First Solo Presidential Traverse – 6/27/14

First Solo Presidential Traverse – 6/27/14
fields presidential traverse 430x300 7.2.14
First Presidential Traverse

This write-up was featured on Level Renner.

On Friday, June 27th, I did my first Presidential Traverse. Wikipedia says: “A Presidential Traverse, as it is known to hikers in the Northeast, is a strenuous and sometimes dangerous trek over the Presidential Range of New Hampshire’s White Mountains. Contained almost entirely in the 750,000-acre White Mountain National Forest, the Presidential Range is a string of summits in excess of 4,000 feet.” 

My route was 18+ miles with 8500+ ft of elevation gain. This was my first time on the Presidential range with the exception of the Mt. Washington Road Race (I deliberately did not go to the summit after that race), so the rockiness of the trails was new to me. I had a great experience, and know I can drop quite a bit of time the next time I do the traverse. Here is a brief story about the trip.

 

The nice benefit to running something like this, rather than hiking, is that I don’t have to get up as early. I had a 2.5 hour drive and only had to leave at 6:30. That’s new for me! The drive to Highland Center was uneventful, and I met Ashley Lader there. The plan was Ashley was going to drive back down to Highland Center and hike the Southern Presidentials while I did the traverse.
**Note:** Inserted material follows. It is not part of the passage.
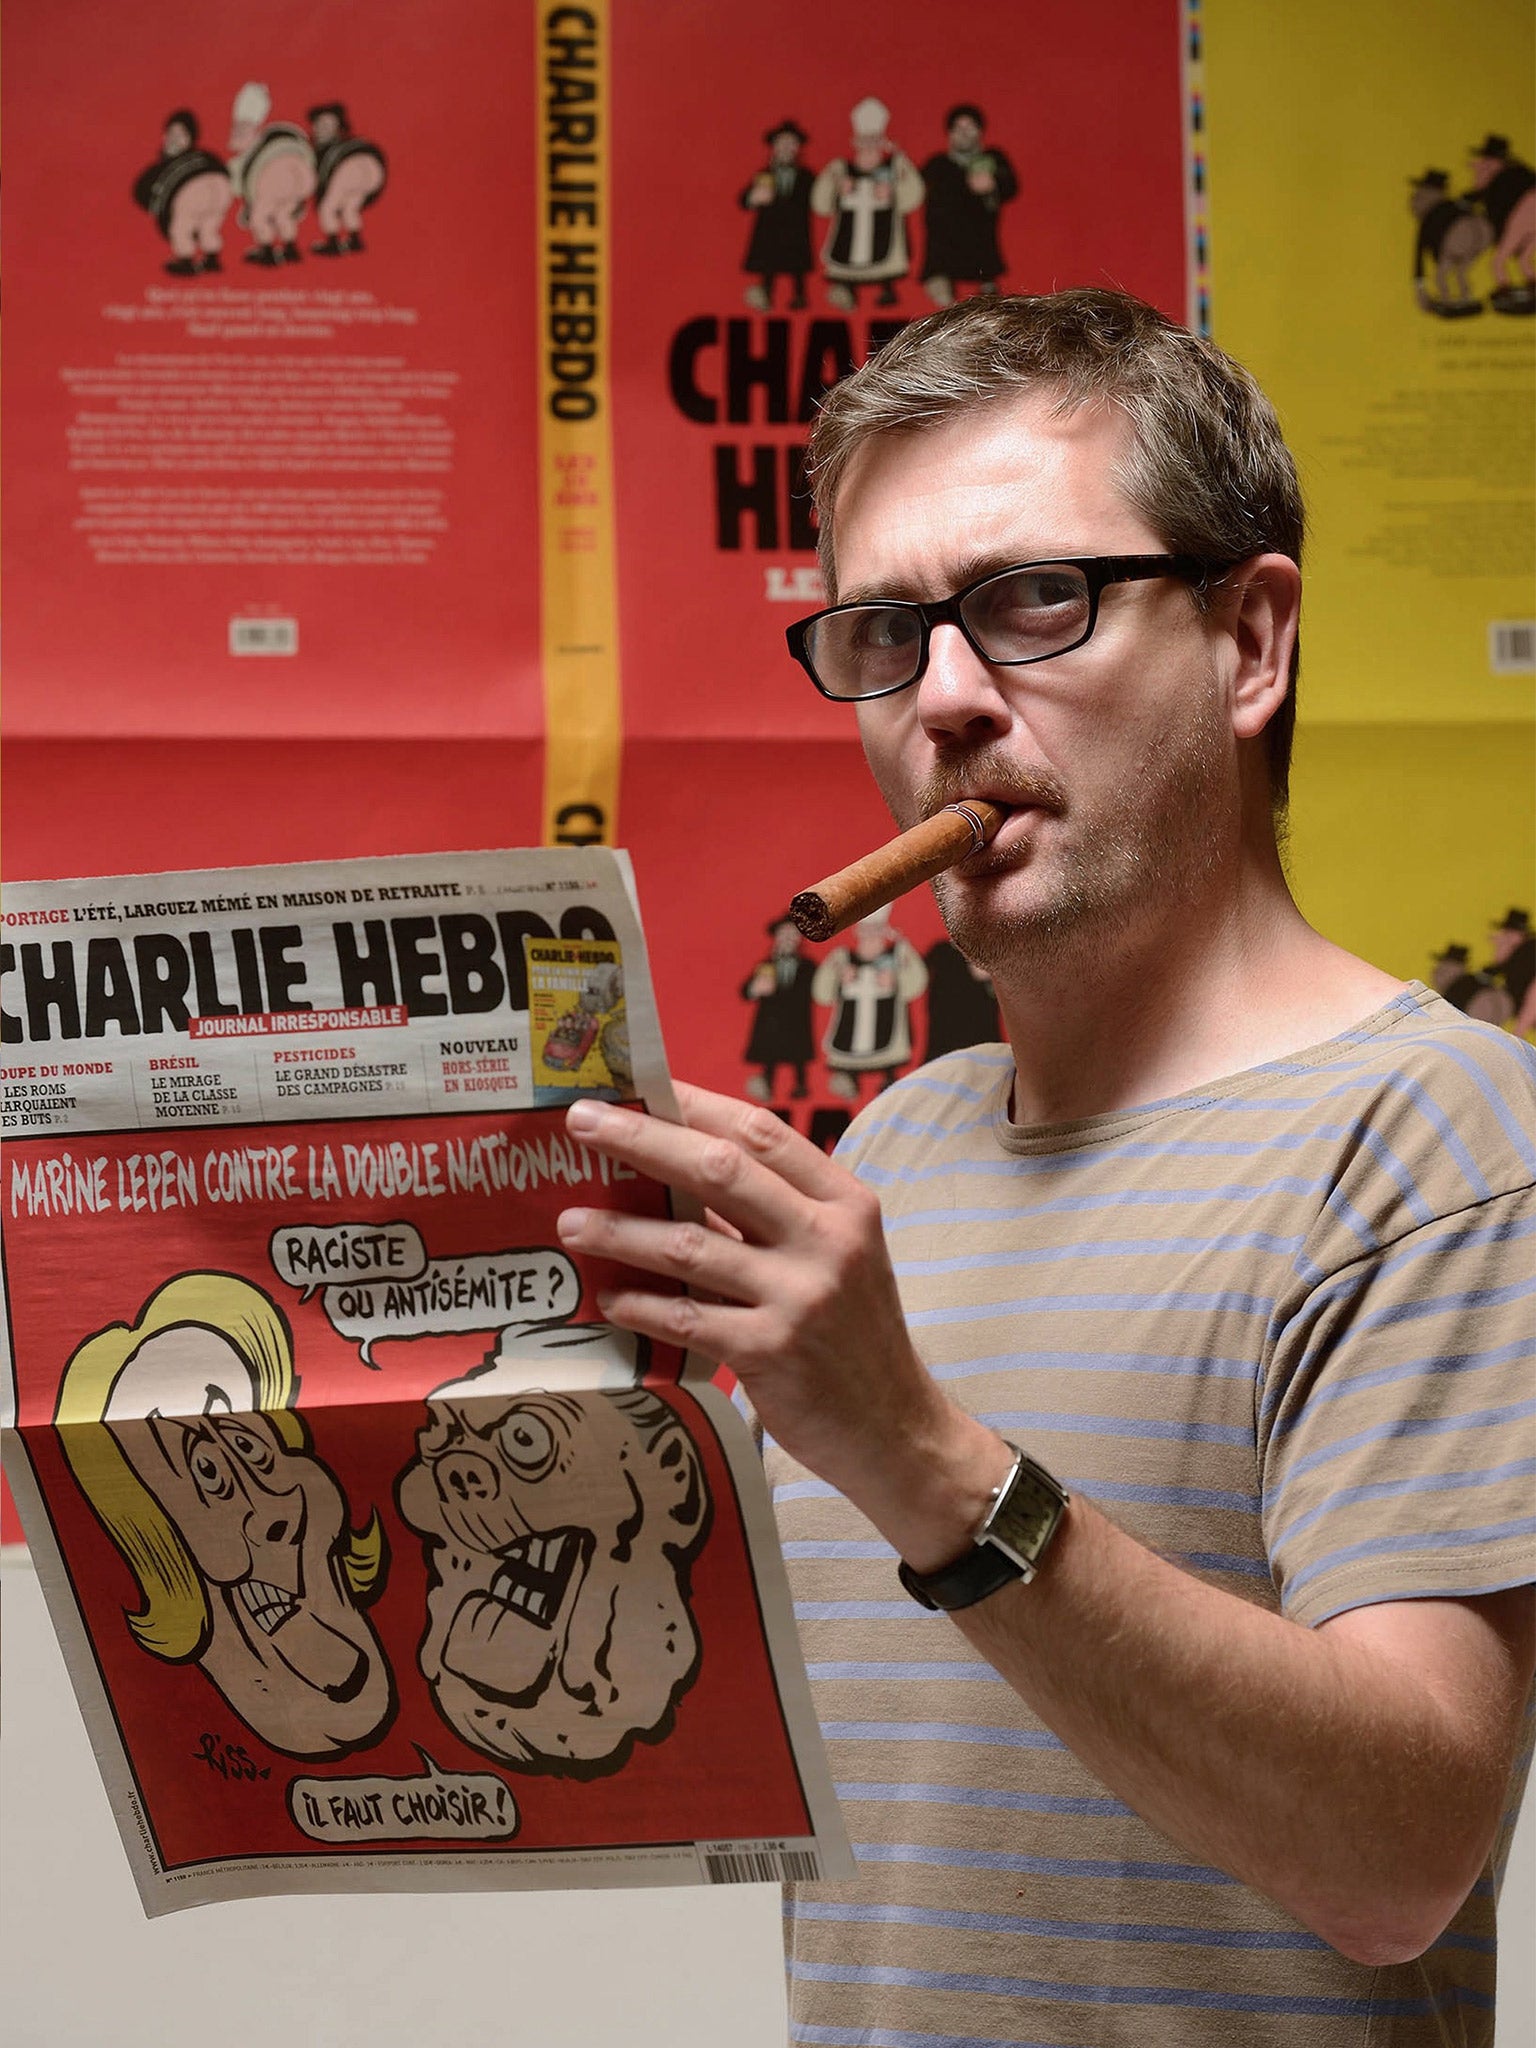 Editor Stéphane Charbonnier had previously received death threats (AFP)
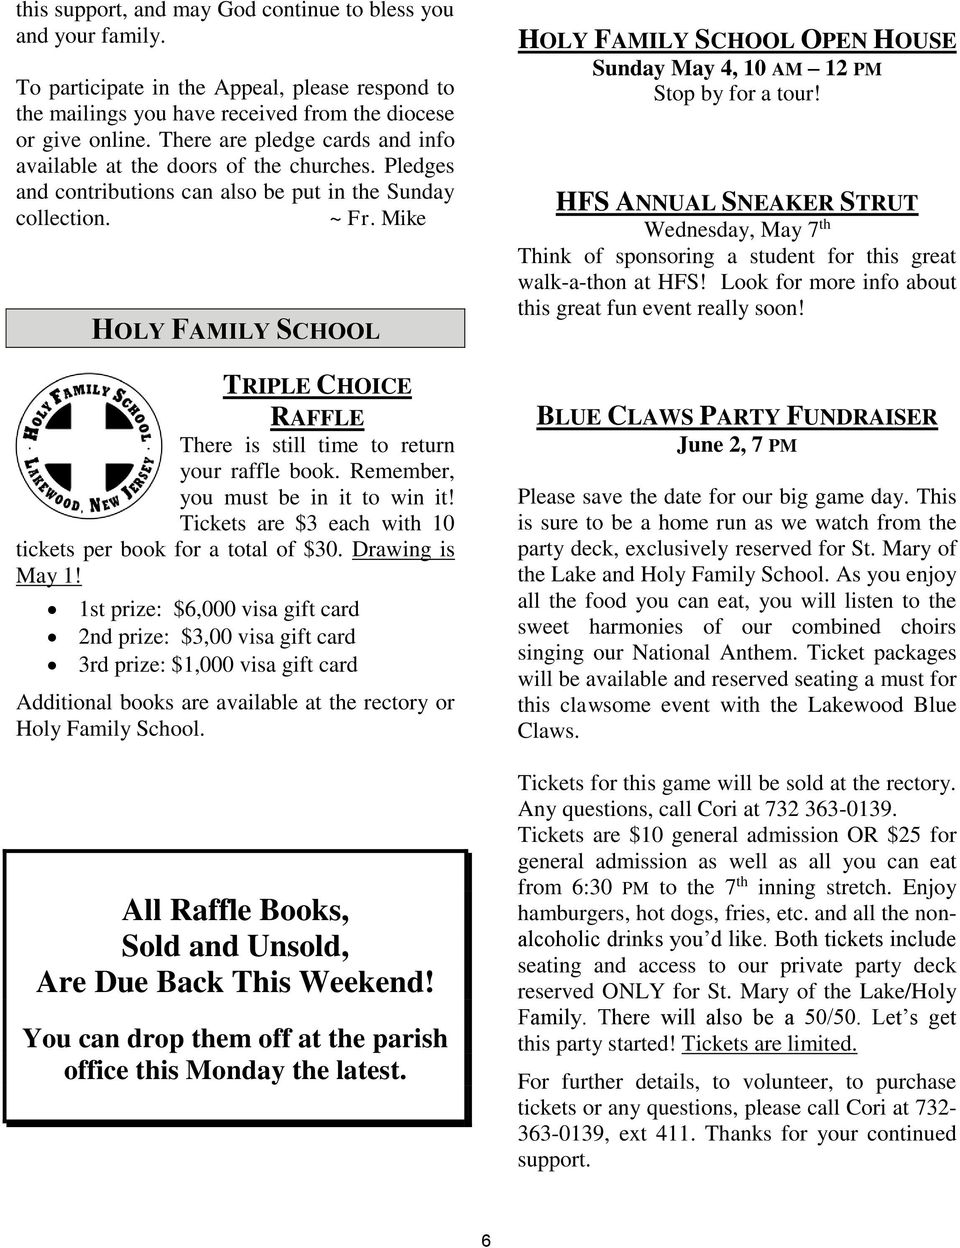 Mike HOLY FAMILY SCHOOL TRIPLE CHOICE RAFFLE There is still time to return your raffle book. Remember, you must be in it to win it! Tickets are $3 each with 10 tickets per book for a total of $30.

Due to unforeseen circumstances, Kristina Folcik-Welts (the new women’s FKT holder in a blazing 5:32) and Jeffrey Zawadzki (who I didn’t know previously) ended up riding up to Appalachia with us. We got to Appalachia after only missing one turn, said good luck all around, and were off. About 1.5 miles in, my calves started feeling tight from lack of a warm-up, so I pulled out my trekking poles. That’s when I first lost sight of Kristina. Unfortunately the route was pretty technical (for me at least) and I ended up snapping a carbon pole. After struggling with how to make do with only one, I just stowed them both and got on with my life!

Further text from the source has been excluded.